Over the decades since, scientists have documented all sorts of peculiar goings-on during eclipses. In May 1984, in Atlanta, they saw captive chimpanzees gather at the top of a climbing structure, turning their bodies and faces toward the surprising scene above. In July 1991, in Mexico, they watched as orb-weaving spiders dismantled their webs, only to rebuild them as soon as the sun returned.
The situation is just as perplexing for nocturnal species. During that same eclipse in 1991, researchers stationed outside a cave in Mexico saw several species of bats emerge from their roosts in the middle of the afternoon, seemingly tricked by the artificial dusk.
That said, many studies have also turned up inconclusive or negative results. Collectively, the data suggest that behavioral responses “may be complex, confusing, and often contradictory,” as a team of biologists put it in a 2020 paper. (Their own results showed a discernible response — either anxiety or premature nighttime routines — in 75 percent of species at the Riverbanks Zoo in South Carolina.)

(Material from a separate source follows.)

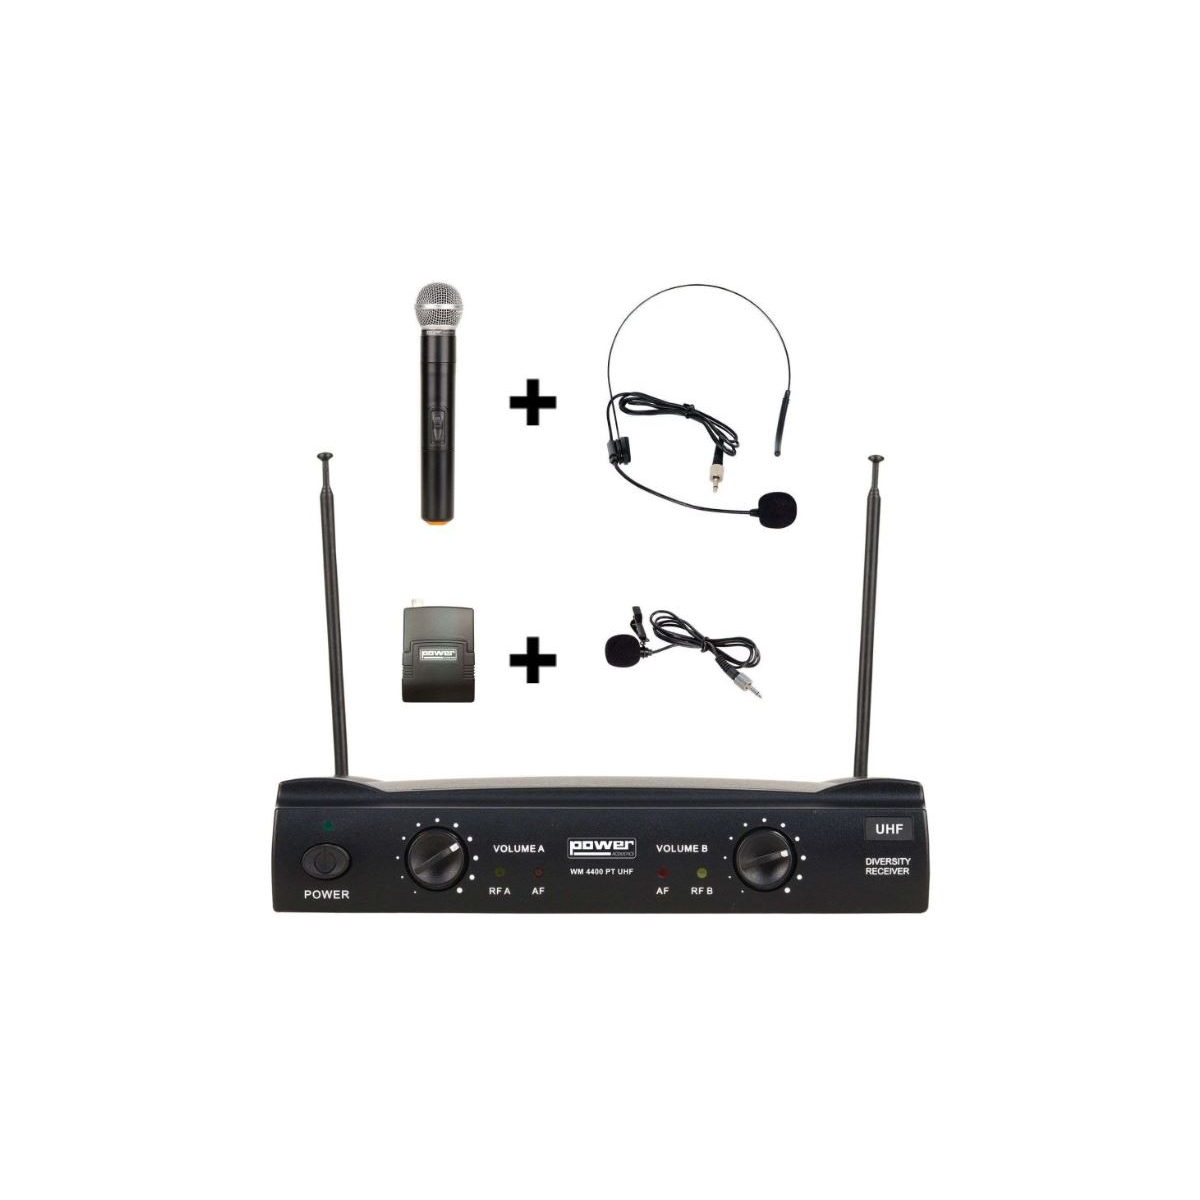 Micros chant sans fil - Power Acoustics - Sonorisation - WM 4400 PT UHF GR8

The so-called Great American Eclipse of August 2017, visible across the entire country, revived curiosity about how these natural wonders impact animals. Leveraging public enthusiasm (215 million people viewed the eclipse, either in person or online), the California Academy of Sciences launched “Life Responds,” a citizen science project hosted on the iNaturalist app.
In a reboot of the 1932 effort in Boston, some 600 people submitted nearly 3,000 observations, making Life Responds the largest repository of eclipse behavior data to date (not to mention the most geographically widespread by far, with ears and eyes from coast to coast).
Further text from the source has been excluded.